FOIA request turns to lawsuit against city

FOIA request turns to lawsuit against city

By Matt Mackinder
Clarkston News Editor

Clarkston resident Susan Bisio’s request for public records regarding the Millpond Inn Bed and Breakfast has led to a Freedomn of Information Act request and, most recently, a lawsuit.
On March 22, Bisio and her attorney, also her husband Richard, filed two FOIA requests to the city for public records involving the city’s actions against the Millpond Inn Bed and Breakfast, including, but not limited to, records regarding the city’s actions and plans to attempt to shut down the bed and breakfast or take other adverse action against that business on a questionable legal basis and for which the city attorney (Tom Ryan) recommended there be no public discussion at a city council meeting with representatives of the bed and breakfast.
“Michigan law doesn’t require anyone to explain why they want public records, or what they will do with them once they are received,” said Bisio on April 28.
On her website,, Bisio went into more detail (Will the Millpond Inn Bed & Breakfast be the Subject of the Next City Lawsuit?, March 9, 2023).
“I don’t know the old or the new Millpond Inn owners, I’ve never stayed there, and I frankly don’t care whether they continue to exist or not,” wrote Bisio. “If they aren’t complying with local law, then they will have to deal with the consequences.

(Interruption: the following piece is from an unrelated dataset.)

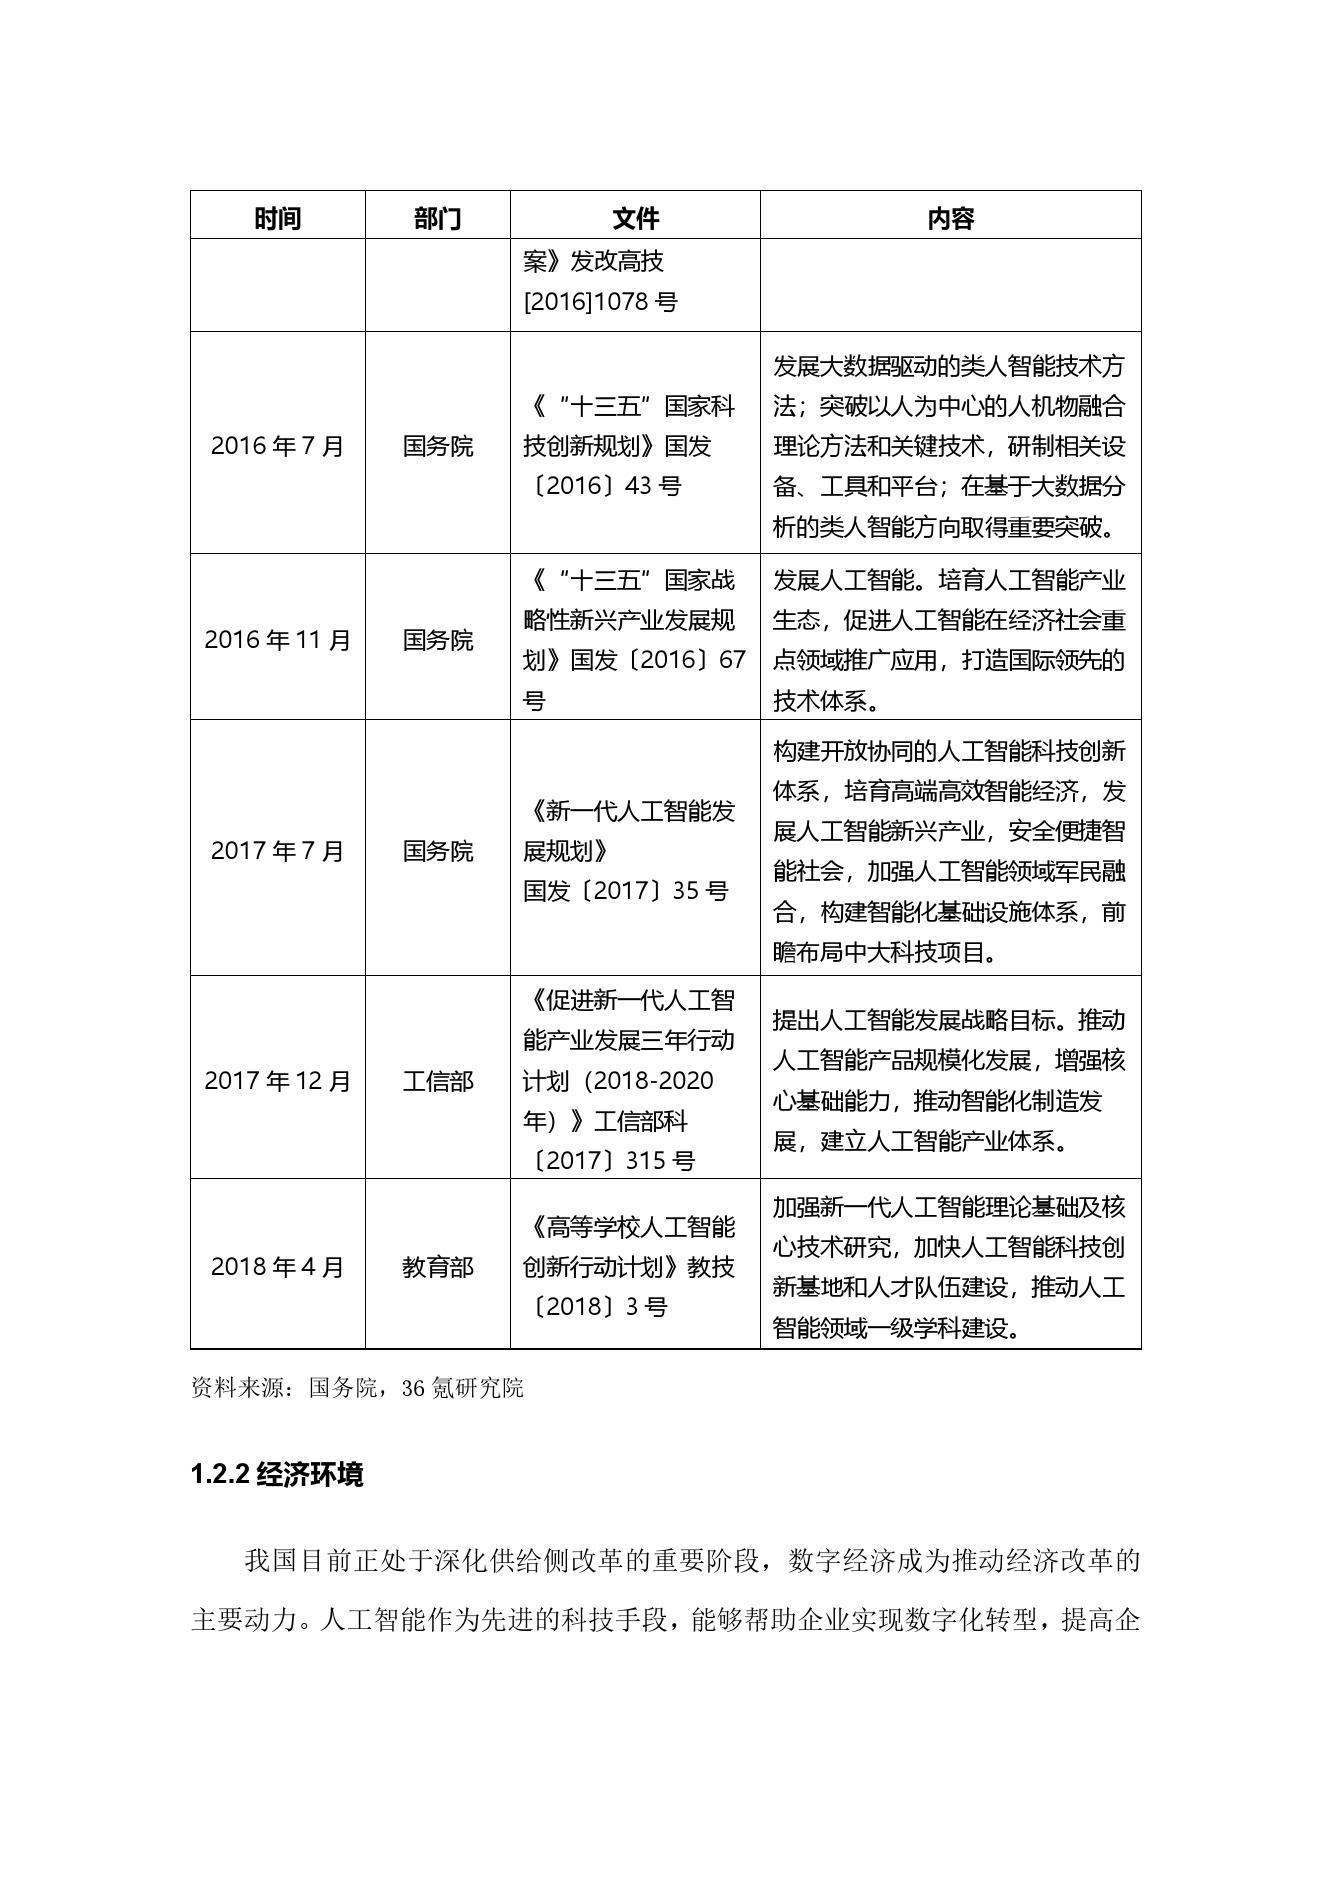 36氪研究院:2020年中国城市人工智能发展指数报告(可下载报告)插图(13)

What I do take issue with is the city’s desire to obsessively pursue this particular business in secret, based on city officials’ questionable beliefs and a complaint from a neighbor, potentially leading the city into another lawsuit that you and I will have to pay for.”
“While it is the city’s policy to not comment on pending legal matters, it is important to emphasize that the city unequivocally respects the importance of the Freedom of Information Act and will always ensure that FOIA requests received are responded to in a thorough and timely manner,” noted Clarkston City Manager Jonathan Smith on May 1.
According to Bisio, at the Oct. 10, 2022 city council meeting, one of the Millpond Inn’s next-door neighbors made several allegations about the business during public comments, including referring to it as an Airbnb. She said she’s complained before and she said her biggest issue is that no one lives there. Ryan noted that the Millpond Inn was a court-approved nonconforming use, but they have to abide by the regulations.
Then at the Jan. 9, 2023 city council meeting, Millpond Inn owner Carl Szasz and innkeeper Jack Yarosh were present as an agenda item to answer questions from council, but Ryan advised council, who approved unanimously, to remove the item from the agenda. Bisio wrote that, “Ryan didn’t think they should be discussing something when they don’t have all the information, and this is something ‘under active pursuit and investigation by the city.’”
“The city doesn’t provide records unless you ask for them,” Bisio said April 28. “Any written request for information falls under the FOIA, whether the acronym ‘FOIA’ is used or not. I asked for the records because I wanted them. This is the second time that I’ve had to ask a court to force the city to respond.”
For almost six years, from 2015-21, Bisio’s FOIA lawsuit over city records being stored on an off-site computer containing information on city land developments raged on, in and out of court. The lawsuit was settled in April 2021 for $160,000.
“The city’s answer to the complaint admits that the city attorney told the council to ignore my March 9, 2023 email (that the Clarkston News received a copy of), provides absolutely no legal defense to the lawsuit, and states the city is preparing a supplemental response to my FOIA requests,” said Bisio on April 28. “The city agrees I am entitled to receive attorneys’ fees and litigation costs. I’m assuming these fees and costs will not be covered under the city’s insurance policy. If they were, then the insurer would have appointed an outside attorney to handle the lawsuit as they did before.
“Richard sent Tom Ryan a letter on April 21, 2023 and asked him when the city will be providing the additional records. He told Ryan we would be willing to settle the case once the response is complete. Ryan has not acknowledged the letter, so we will carry on with the lawsuit. The lawsuit won’t end until the records are produced and the city pays my attorneys’ fees and litigation costs.”
Bisio wrote on (FOIA Lawsuit Update – Winning So Far!, April 21, 2023) that she was not satisfied with the responses to her FOIA requests.
“The answer to my complaint was due on Thursday, April 20 (a FOIA request has 21 days to be answered), and that was the day that the city responded,” Bisio wrote. “Honestly, after reading the answer, I think the city would have been better off if the city attorney had simply called my attorney and asked for more time to informally resolve the lawsuit, because it’s clear the city is not going to mount any defense whatsoever to my complaint claims.”
In the March 9 email, Bisio said that Ryan and Smith were copied on many of these communications, and “these two administrative officers apparently have some of the responsive records that have inexplicably not been provided to me – even though they are both aware of the request and the deficient response.”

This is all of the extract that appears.